PATH_TERMS_FILE = "./Data/TermsAndDefinitions/terms_definitions.json"
PATH_ABBREVIATIONS_FILE = "./Data/TermsAndDefinitions/abbreviations_definitions.json"
MODEL_ID = "microsoft/phi-2"




## Getting the data and generating context (only run if not using our provided data with generated context)
Only run the next two sections if you want to manually generate the RAG context, if not run the [Getting the provided RAG data](#get-rag) section.

In [14]:
# Read both files and concatenate data
with open(TRAIN_FILE_PATH) as f:
    train_data = json.load(f)






## Create a class for enhancement
enhacenment_query = EnhancementQuery(file_name_terms=PATH_TERMS_FILE, file_name_abbreviations=PATH_ABBREVIATIONS_FILE)



train_data_json = []
for question in train_data.keys():
    question_id = int(question.split(" ")[1])

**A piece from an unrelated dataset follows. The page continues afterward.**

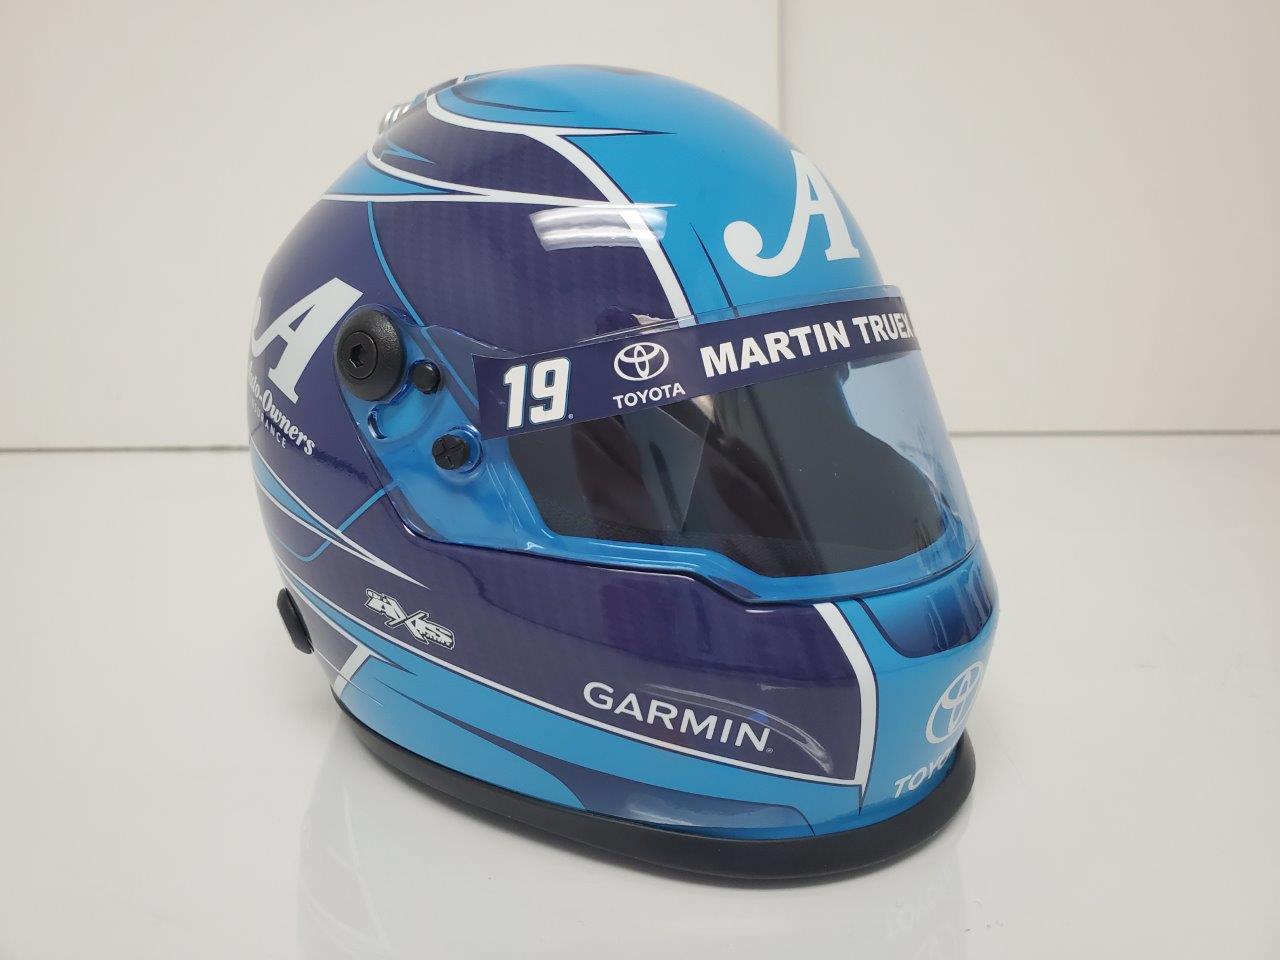 2019 Martin Truex Jr AutoOwners Insurance ~ Replica Full Size Helmet PREORDER

    terms, abreviations = enhacenment_query.define_TA_question(train_data[question]["question"])


    data = {
        "question": train_data[question]["question"],
        "question_id": question_id,
        "terms": terms,
        "abbreviations": abreviations,
        "answer": train_data[question]["answer"],
        "explanation": train_data[question]["explanation"],
        "category": train_data[question]["category"],
        
    }
    if "option 1" in train_data[question]:
        data["option 1"] = train_data[question]["option 1"]
    if "option 2" in train_data[question]:
        data["option 2"] = train_data[question]["option 2"]
    if "option 3" in train_data[question]:
        data["option 3"] = train_data[question]["option 3"]
    if "option 4" in train_data[question]:
        data["option 4"] = train_data[question]["option 4"]
    if "option 5" in train_data[question]:
        data["option 5"] = train_data[question]["option 5"]
    train_data_json.append(data)

    



In [15]:
 # Create a progress bar
pb = tqdm(
    train_data_json,
    total=len(train_data_json),
    desc="Generating RAG Contexts",
    unit="question",
)

# Create a list to store the questions
train_data_json_with_context=[]

# Connect to the SQLite database
conn = sqlite3.connect(DATABASE_PATH)


# Iterate over the question_datas of the DataFrame
for question_data in pb:


    # Get the question
    question = question_data["question"]

    # Get the options
    options = {}
    try:
        option_1 = str(question_data["option 1"])
        if option_1 != "nan" and option_1 != "":
            options["option 1"] = option_1
    except KeyError:
        pass

    try:
        option_2 = str(question_data["option 2"])
        if option_2 != "nan" and option_2 != "":
            options["option 2"] = option_2
    except KeyError:
        pass

    try:
        option_3 = str(question_data["option 3"])
        if option_3 != "nan" and option_3 != "":
            options["option 3"] = option_3
    except KeyError:
        pass

    try:
        option_4 = str(question_data["option 4"])
        if option_4 != "nan" and option_4 != "":
            options["option 4"] = option_4
    except KeyError:
        pass
        
    try:
        option_5 = str(question_data["option 5"])
        if option_5 != "nan" and option_5 != "":
            options["option 5"] = option_5
    except KeyError:
        pass


    # Get the terms and abbreviations
    terms = None
    if str(question_data["terms"]) != "nan" and question_data["terms"] != "":
        terms = question_data["terms"]
    
    abbreviations = None
    if str(question_data["abbreviations"]) != "nan" and question_data["abbreviations"] != "":
        abbreviations = question_data["abbreviations"]
    
    
    # Generate the RAG context

    try:
        context = Get_RAG_Context(question, conn, NUM_CLUSTERS, TOP_K_CLUSTERS, TOP_K_CHUNCKS)
    except Exception as e:
        print(f"An error occurred: {e}")
        print(traceback.format_exc())

    train_data_json_with_context.append({
        "question": question,
        "question_id": question_data["question_id"],
        "options": options,
        "terms": terms,
        "abbreviations": abbreviations,
        "context": context,
        "answer": question_data["answer"],
        "explanation": question_data["explanation"],
        "category": question_data["category"],
    })
    

    

# Close the connection to the database
conn.close()

Generating RAG Contexts:   0%|          | 0/1461 [02:08<?, ?question/s]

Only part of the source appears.